A woman holds a portrait of Soviet state leader Josef Stalin.

A Russian Orthodox Church leader has urged supporters of Soviet dictator Josef Stalin to “sober up” by visiting the mass graves of political dissidents executed under his regime, news reports said.

The comments by Metropolitan Hilarion of Volokolamsk came in response to poll results that showed a growing number of Russians view Stalin positively, Lenta.ru reported Tuesday.

“I think that to sober up, some need to go to the Butovo firing range on the outskirts of Moscow,” Ilarion said during a program aired by Channel One on Monday, according to media reports.

Butovo was the site of the largest number of political executions in the Moscow region under Stalin.

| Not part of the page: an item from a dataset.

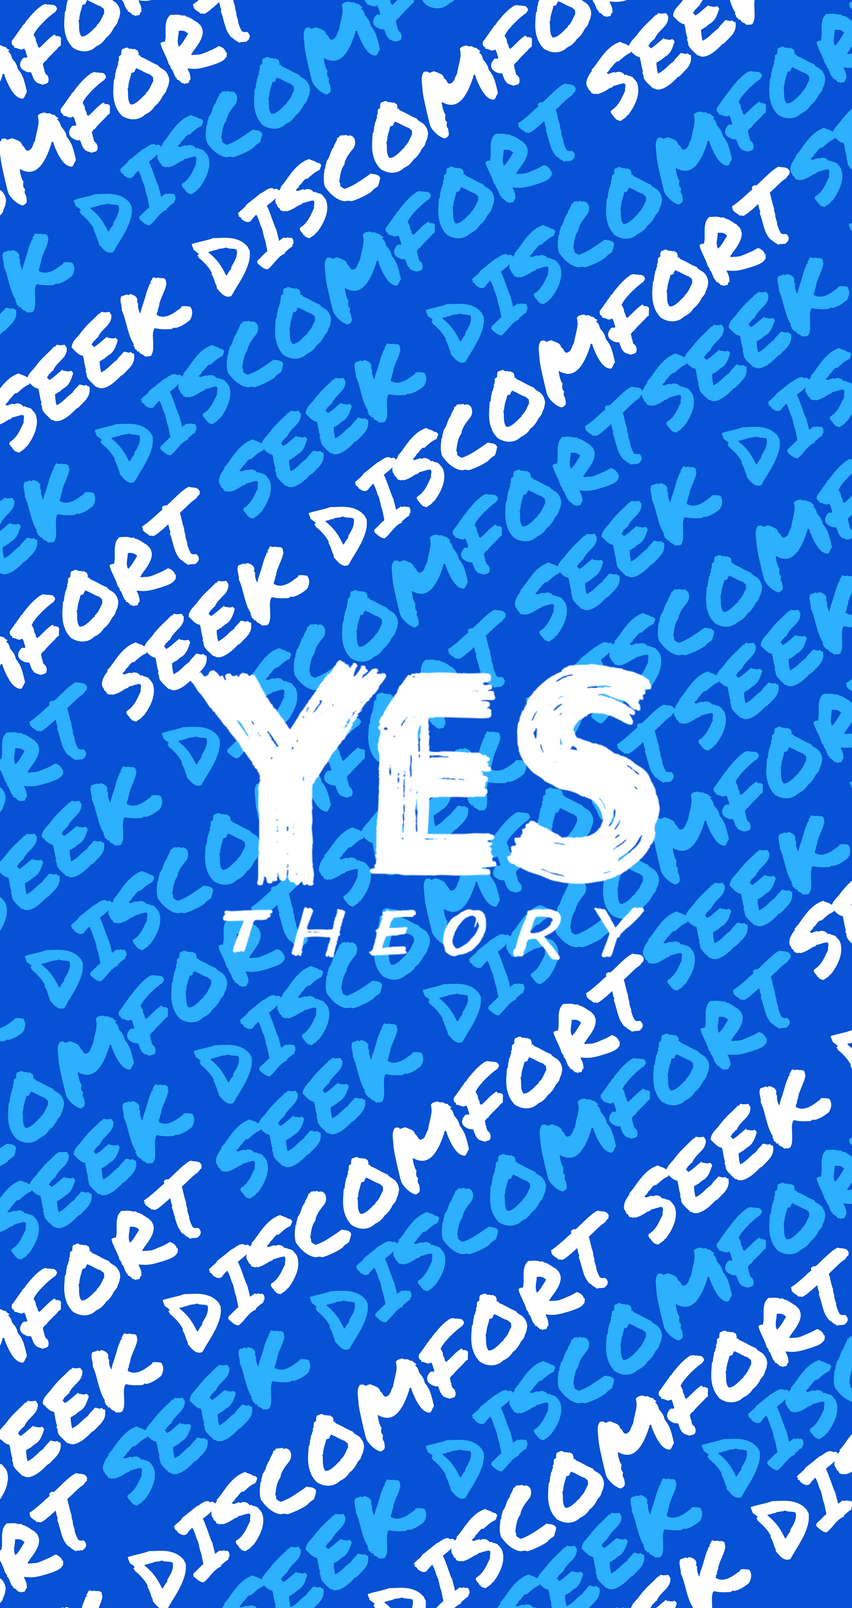 Yes Theory “Seek Discomfort” Phone Wallpaper. Theory quotes, Phone wallpaper, Bad jokes

“The firing range has a museum, photographs of people, it tells you what was happening there: Every day they brought in and shot 200, 300, 400 people,” Ilarion was quoted as saying. “There were 15-16-year-old children. Why were they shot?”

The museum's website describes Butovo as a “Russian Golgotha,” in a Biblical reference to the site outside of Jerusalem where Jesus was crucified. About 20,750 people were executed in 1938-39 alone at the firing range, which operated for nearly three decades from 1934 to 1953.

A recent poll by independent Levada Center found that 45 percent of Russians believe that Stalin-era purges were fully or to some degree justified by the Soviet Union's rapid economic progress during his rule.That figure stood at 25 percent just two years ago.

Meanwhile about 39 percent of Russians now view Stalin positively, in a drastic change from the “prevailing attitude” of negative views at the start of the millennium, the Levada Center said.